Humans hide behind the walls of city-states separated by savage wilderness. The default campaign takes place in Selastos, a wilderness boom town surrounded by a desert. It is connected to the other city-states of Galitia by portals so that commerce can bypass the dangers of the desert. Selastos runs the mines and recovers GodWar-era artifacts in exchange for food and water from Galitia. Factions include god cults and wizards' guilds as well as the Oathbreakers. Galitia remains indifferent to local politics and events since Selastos keeps being profitable.

==Rules==
The game was the first gameworld for the MasterBook system and was the only original property in the lineup. It used two ten-sided dice (d10) and a MasterBook deck of 108 cards (100 regular cards, 4 Picture cards, 2 blank cards, and 2 blank Picture cards). There were unique Picture cards for the Bloodshadows MasterBook deck ("Chaos" and "Order") that gave gameworld-unique results.

===1st Edition (WEG 1994)===
====The World of Bloodshadows (1994) (ISBN 0874313791)====
This box set contained the softcover MasterBook rules, the softcover Bloodshadows core book, a MasterBook card deck and two ten-sided dice.

====Sourcebooks====
- Galitia Citybook (1994) – details the city-state of Galitia, the largest city on Marl.
- Mean Streets (1994) – this came with game-master screens and a campaign pack with NPCs, typical adventure locations with maps, and a gazetteer about the city-state of Albredura.
- The Unnaturals (1994) – details on Unnatural races and rules for creating new Unnaturals.
- Fires of Marl (1995) – background essays, short fiction, and adventures dealing with the myths and legends of Marl.
- Padarr Citybook (1995) – details the city-state of Padarr.
- Shadows of Selastos (1995) – campaign that collects the adventures Flight of Fear, The Lady is a Vamp, All That Glistens, and Trail of Riches set in the city-state of Selastos.
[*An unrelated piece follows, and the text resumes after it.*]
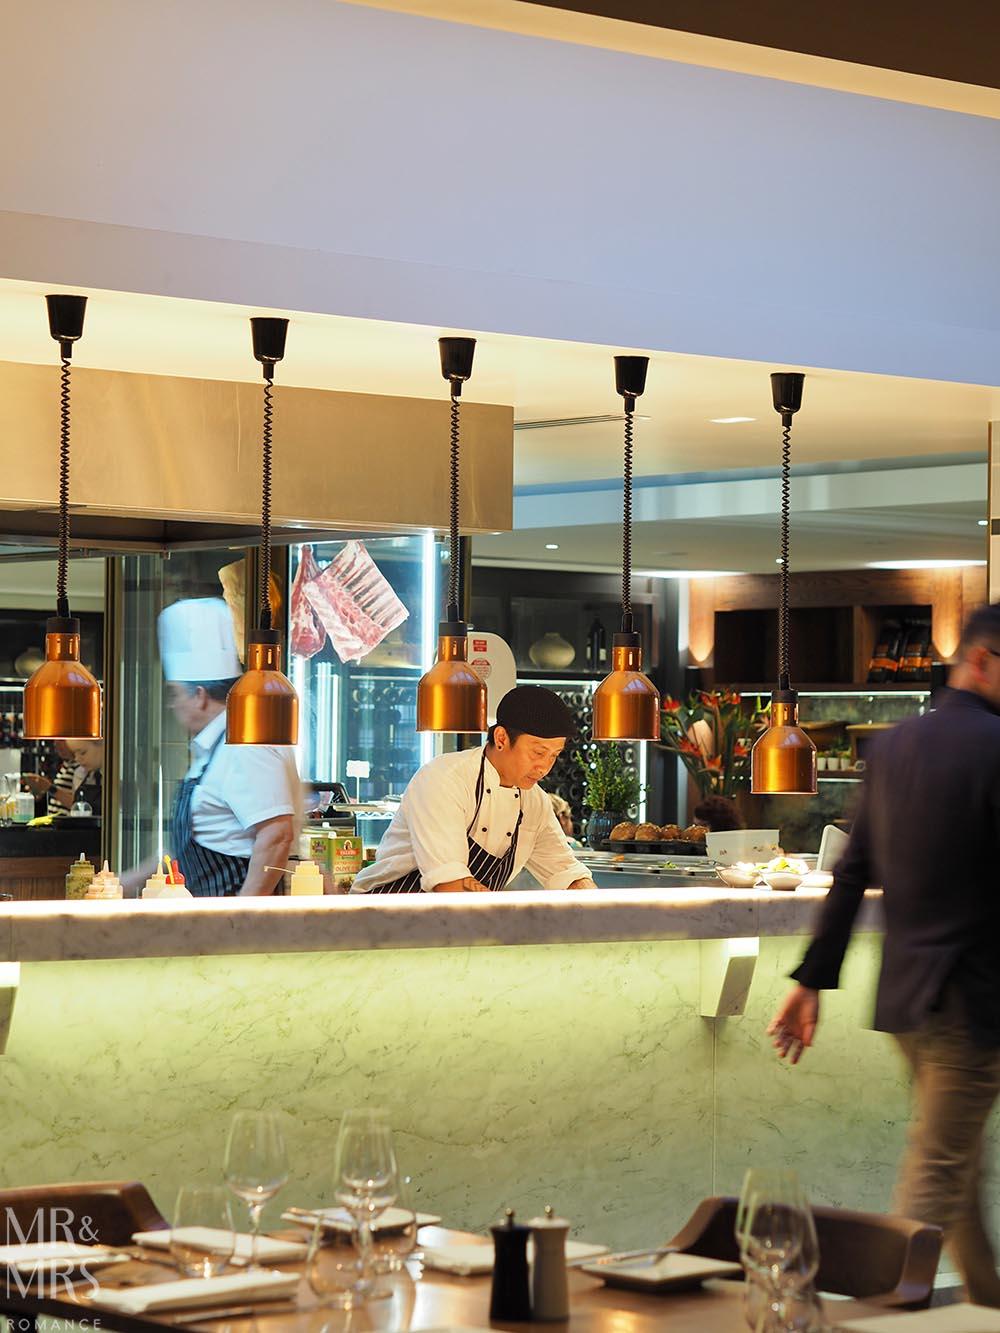 Workshop Kitchen at Powerhouse Hotel Tamworth - best steak in Australia - open kitchen

Also includes twelve new Human and Unnatural templates.
- Sorcerer's Crib Sheet (1995) – details and expands the magic rules and adds new spells. Also contains three new character templates.
- Wilderness (1995) – a self-explanatory sourcebook.

====Novels====
- Hell's Feast (1994) by Greg Farshtey - gumshoe Jack Deacon gets in over his head in a case that involves a vampire client, a spellcaster hitman out to get him, and a frame-up for a crime he didn't commit.
- Blood of Tarrian (1994) by Shane Lacy Hensley - a Buck Granger mystery.
- The Fifth Horseman (1994) by Ed Stark
- Demon's Dream (1996) by Greg Farshtey - another Jack Deacon mystery.
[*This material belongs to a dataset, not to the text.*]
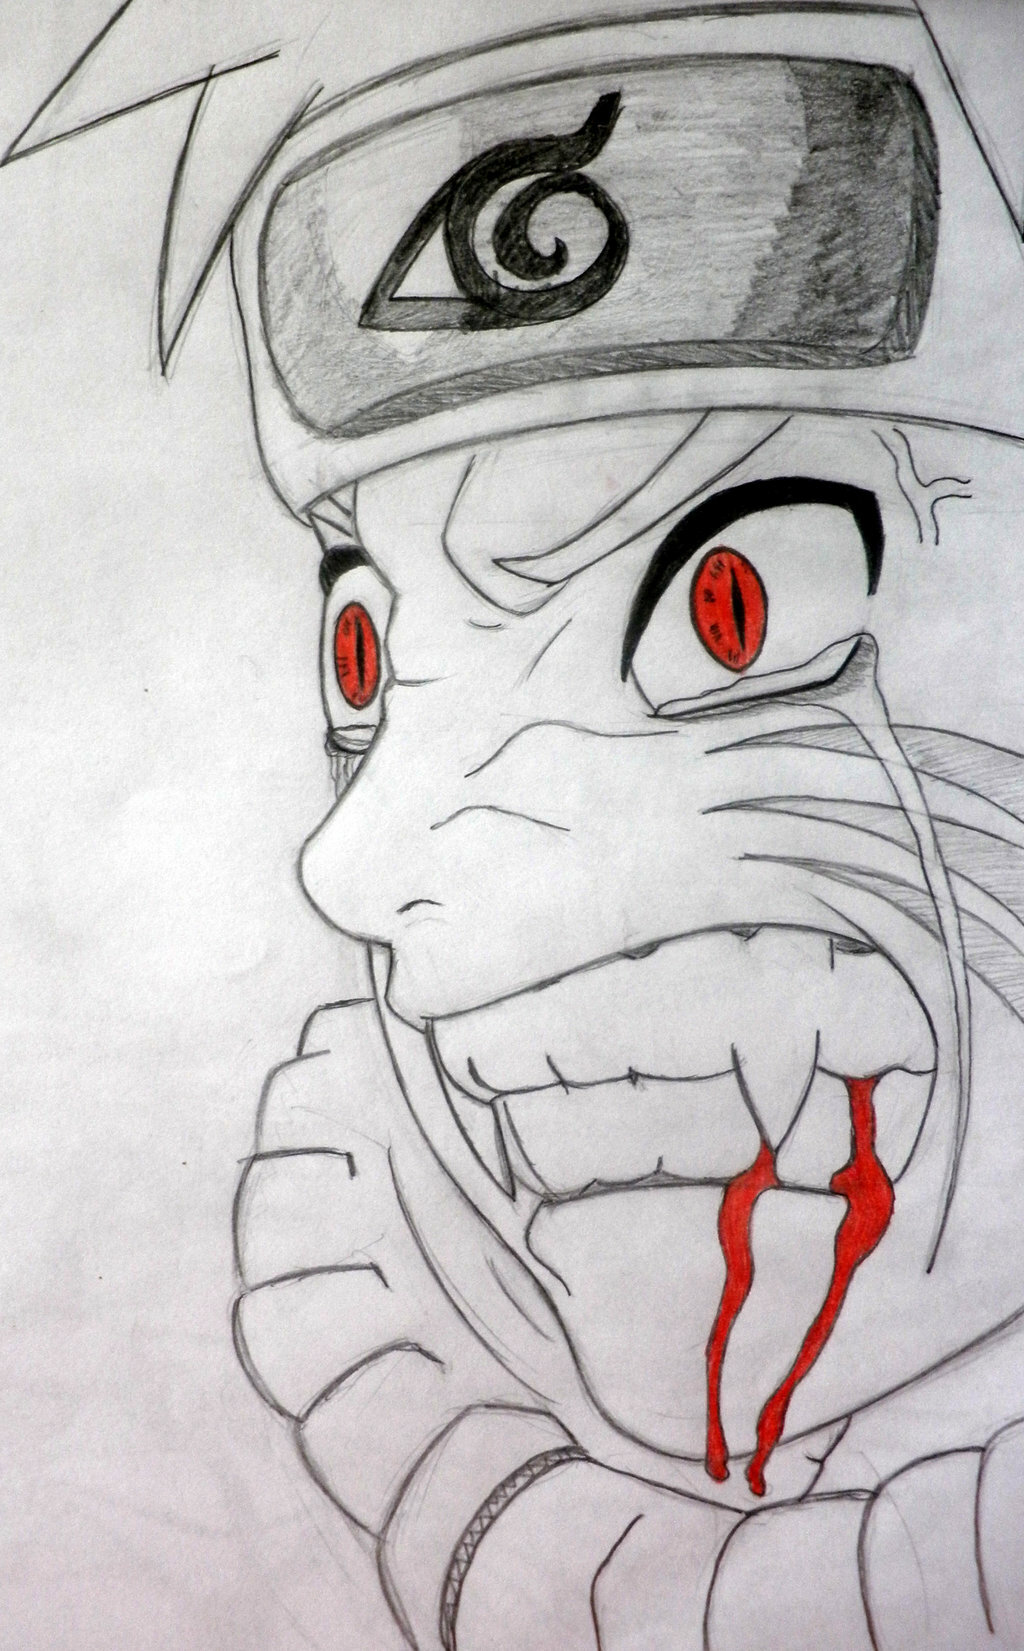 Картинки наруто аниме карандашом для

===2nd Edition (WEG 2004)===
====D6 Bloodshadows Worldbook (2004) [ISBN 1932867066] (Softcover)====
A conversion of the source material to using WEG's more popular D6 system. It was only published for a short time before the company went under.

===3rd Edition (Precis Intermedia Games 2016)===
====Bloodshadows: Fantasy-Noir Roleplaying (2016)====
A rewriting and reworking of the original gamebook to fit Precis Intermedia's third edition of their genreDiversion rules system. It has conversion rules for a number of their other systems.

====Modules====
- Whisper of Destruction (2017) – continues the plot of the game fiction and gaming examples in the core book.
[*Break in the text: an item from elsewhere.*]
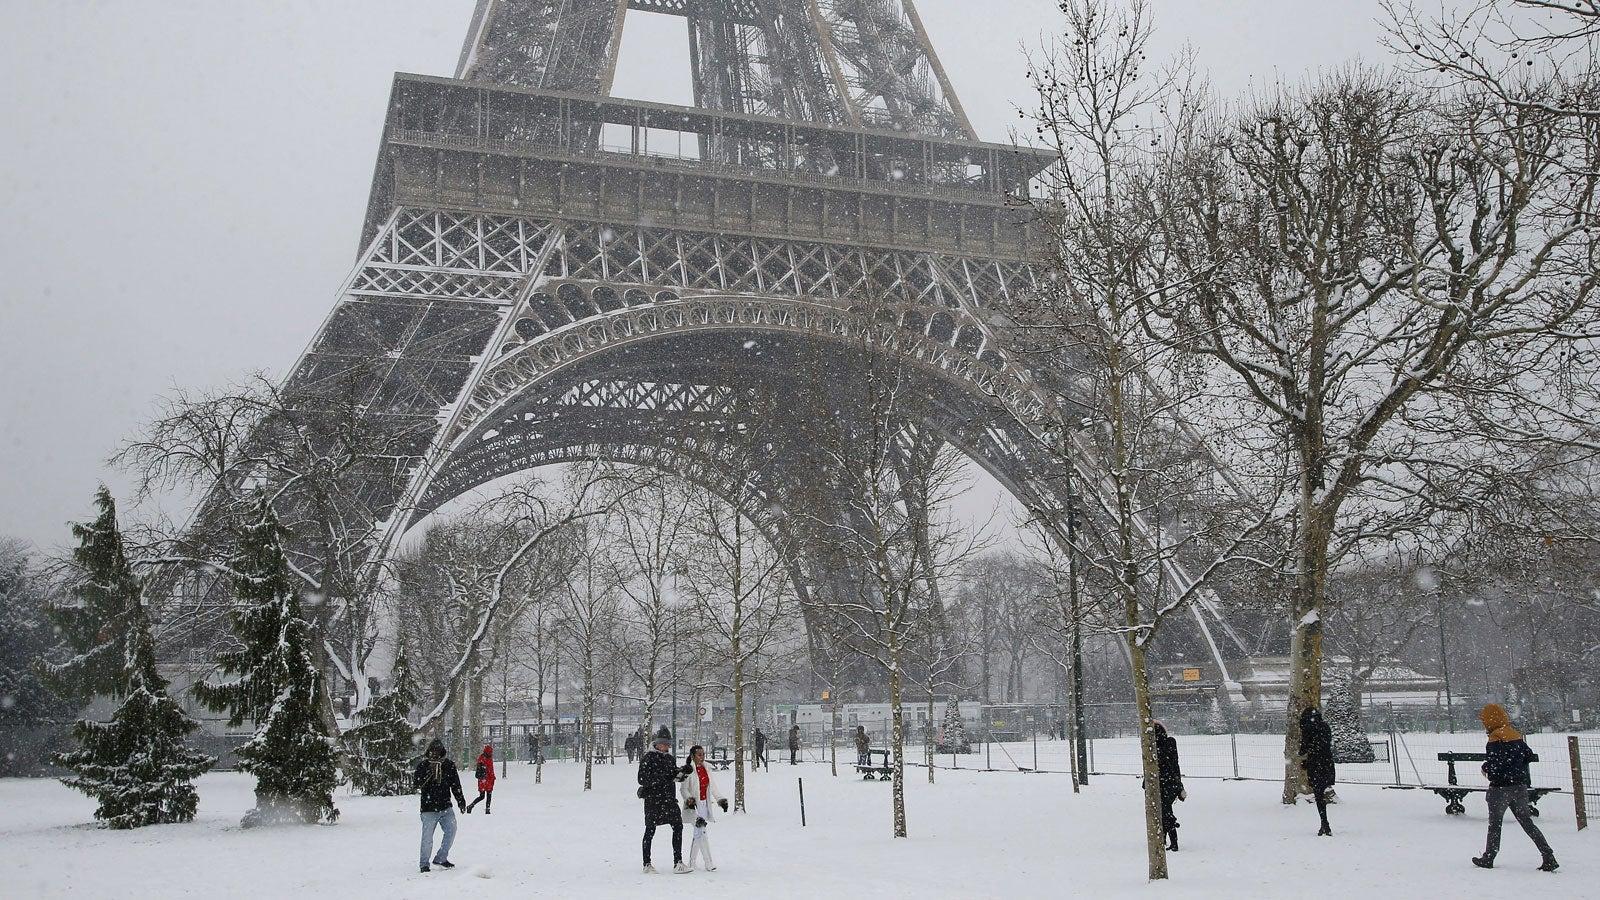 wetter in paris heute

===4th Edition (Battlefield Press International LLC, 2022)===
This version is being written for the Savage Worlds Adventure Edition (SWADE). It focuses on the weird mystical City of Guf, and creates new content for the setting. This version is officially licensed by Battlefield Press, Inc. from Precis Intermedia Games and was released in August 2022.

====Bloodshadows: Chronicles of Guf (2022)====
Core rules that cover character creation and special settings rules. Introduces the City of Guf, which recently appeared out of nowhere. One of its many mysteries is that it is populated by the remembered dead. Every loved one, friend, rival or foe a visitor has ever had resides here, but seem unaware of their past or their demise.

====Sourcebooks====
- Adversaries and Abominations - a sourcebook detailing powerful non-player-characters and monsters for the setting.

==Reception==
James Estes reviewed Bloodshadows in White Wolf #48 (Oct., 1994), rating it a 4 out of 5 and stated that "I hope that other people will give Bloodshadows the chance it deserves. You might be surprised by how fun pulp-noir fantasy can be. If you already like Pulp, then Bloodshadows is a definite treat."